O jurista e professor universitário José Miguel Bettencourt também defende que, deixando António Costa de ser primeiro-ministro, “naturalmente” não faz sentido que o processo no qual está envolvido continue sob a alçada do Supremo. “Sendo até aqui o dr. António Costa primeiro-ministro de Portugal, um titular de um órgão de soberania, deixando de o ser passará o âmbito para uma esfera hierárquica inferior”, explica.

A alínea a) do ponto 3 do artigo 11.º do Código Penal - referente à Competência do Supremo Tribunal de Justiça - diz apenas que “compete ao pleno das secções criminais do Supremo Tribunal de Justiça, em matéria penal: Julgar o Presidente da República, o Presidente da Assembleia da República e o Primeiro-Ministro pelos crimes praticados no exercício das suas funções”, não mencionado nada sobre o pós-mandato, isto é, se a investigação incide sobre a datas dos factos ou sobre a pessoa no cargo ocupado.

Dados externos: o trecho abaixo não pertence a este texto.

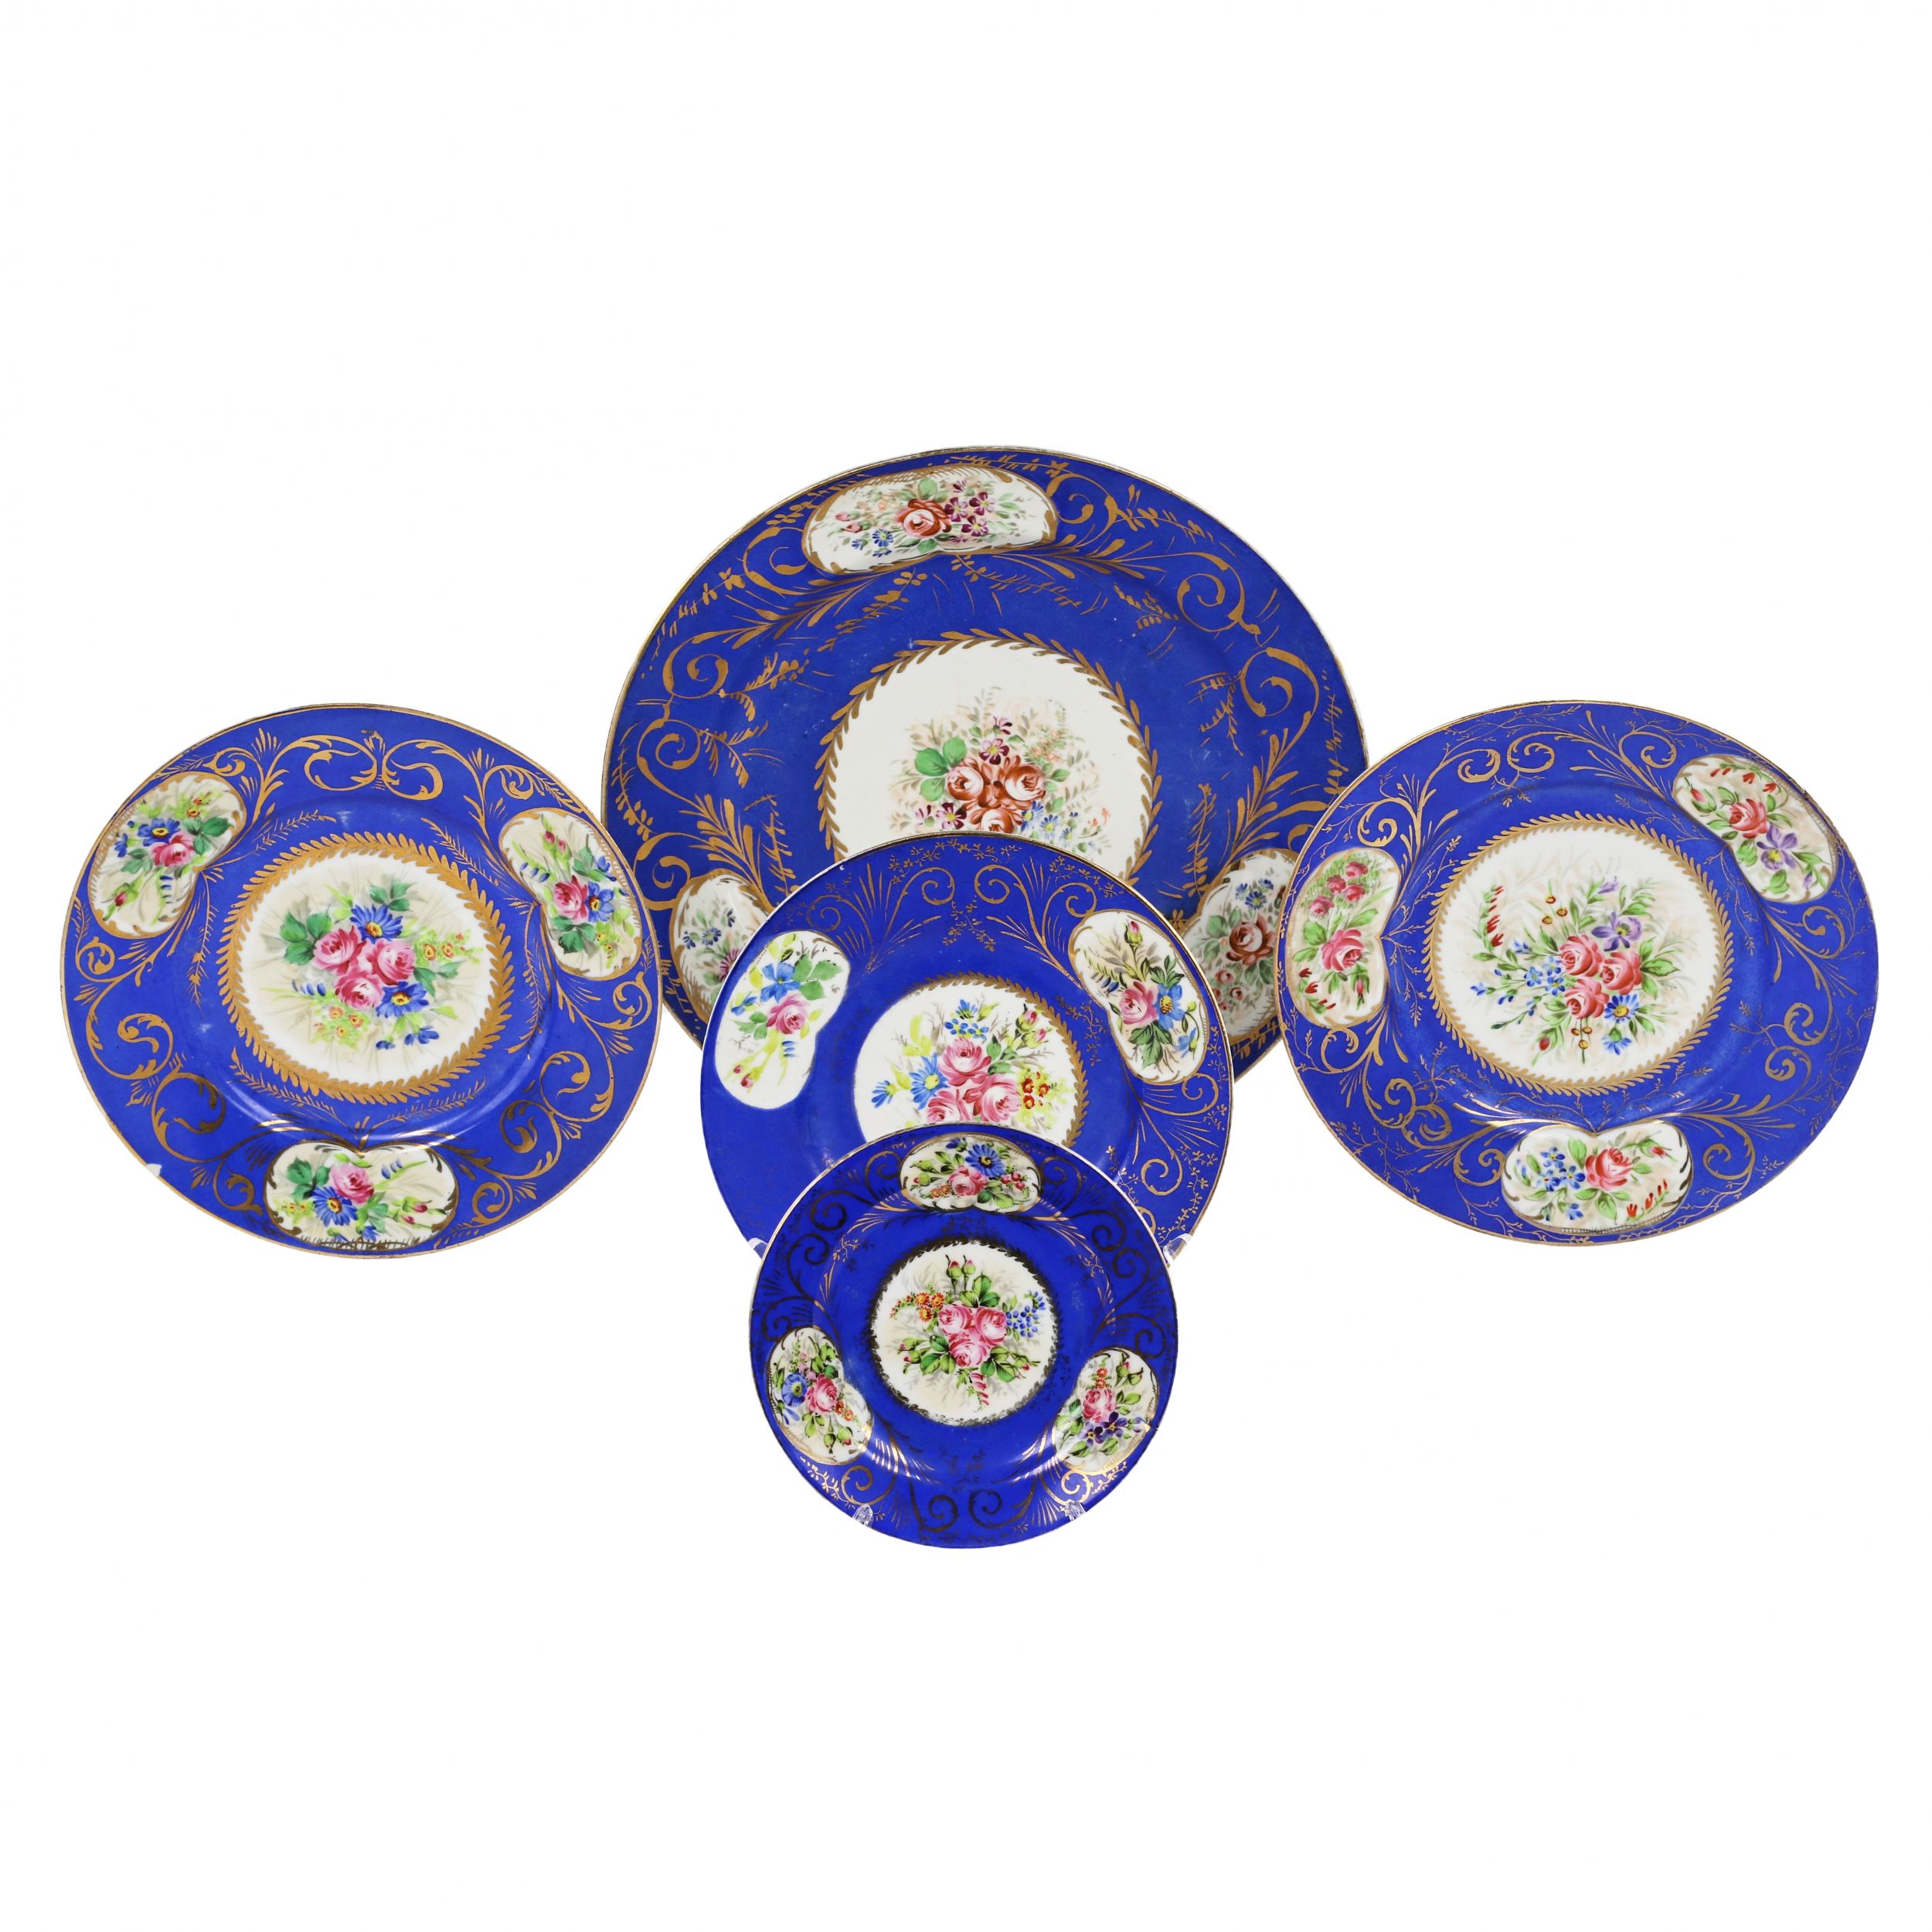 Five-dishes-and-plates-from-Popov`s-factory-19th-century-

Adão Carvalho, presidente do Sindicato dos Magistrados do Ministério Público, tem uma visão oposta e diz que se os crimes terão sido cometidos enquanto primeiro-ministro e o processo começado nessa altura, então deve manter-se no STJ. “O processo de António Costa deve continuar no Supremo por uma questão de estabilidade processual”, diz, explicando que “Costa era primeiro-ministro quando a investigação começou”. “Não vejo motivos para mudar”, atira, em declarações ao Expresso, trazendo para o debate a diferença entre este processo e o que envolve outro antigo primeiro-ministro. “O caso de José Sócrates, por exemplo, é diferente porque já não era primeiro-ministro quando começou a ser investigado”.

António Costa já reagiu às declarações da procuradora-geral da República e deixou o recado: “Quando a Justiça quiser falar comigo, sabe onde eu estou, sabe qual é o meu número. Não falo com a Justiça através da comunicação social”, disse. 

A CNN Portugal contactou, por e-mail, a Procuradoria-Geral da República, que respondeu apenas que “de momento, nada a acrescentar às declarações de ontem da Procuradora-Geral da República”.